В России за российские деньги – нероссийские непахнущие розы… она меня обозлила, другие извинялись, придурковато улыбались…моя просьба заводила их в тупик… Я ничего сверхъестественного не просила – просто купить розы и понюхать их. Розы пахнут у всех поэтов, ни один не написал про непахнущие розы… а розовое масло тоже без запаха?
… Правда, это масло питало мигрень Понтия Пилата.
И пахнущие розы стали для меня головой болью. Запах цветка – это его душа. А у этих нет души.… А есть у подмосковных, я нашла: и запах, и душа.
Как это странно – женщина без души.
Она красива как роза.
И она без духа бездуховна.
Ах, как она  красива!
Свежесть,
нежность,
но бездуховна -
и все краски в ералаш,
аляпистость,
в цыганский ералаш непредсказуемый.
А счастье в том, что духовность – это свободный вдох и выдох, выход и вход и ты не задумываешься о последствиях и не ждешь плохого, а просто ищешь розы с запахом.
И мой мужчина пахнет своим, особенным запахом, он не пользуется одеколоном – он часто моется - я посчитала: пять раз за первые сутки.… Один одеколон – один запах.
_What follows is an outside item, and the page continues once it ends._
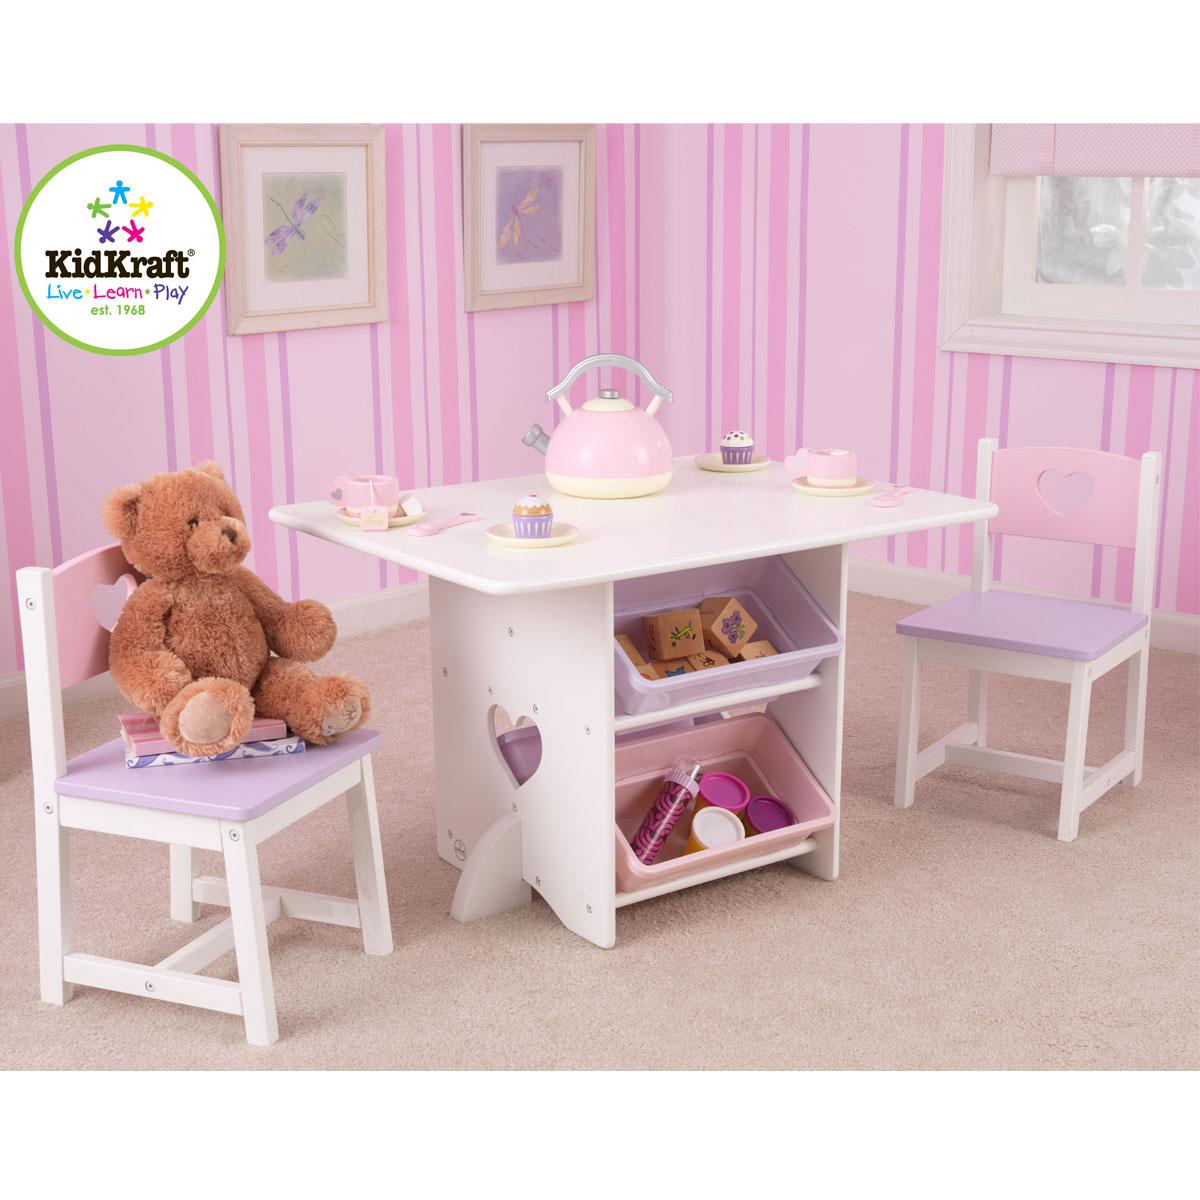 Kidkraft 26913 heart set tavolo e sedia per bambini con for Tavolino e sedia montessori

Что это я про запахи… мою лицо и на выход…я очень долго. это нехорошо. Человек пришел.. – и опять покатились слезы, как мячики выкатились, отталкивались и прыгали дальше вниз…
Ну успокойся…  что тут такого… принял… обычное дело … и уже не сдержалась и заревела снова.
… И не понять, меня никто не поймет, кроме сироты, которому всю жизнь говорили: дай – ты обязан!
Я дала ему жизнь – но разве мало кусающих руку?
Больше в ванной отсиживаться нельзя: неудобно, еще не ушел страх, что уйдет.
Я выскочила из ванной мокрая, красная, а он, сидя в кресле, закрыл глаза, изобразил сон, а может, и уснул, но была рада, что не увидит красных глаз, носа, губ.… На кухне… собирала на стол, мурлыкала под нос: «Чунга-чанга. синий небосвод…».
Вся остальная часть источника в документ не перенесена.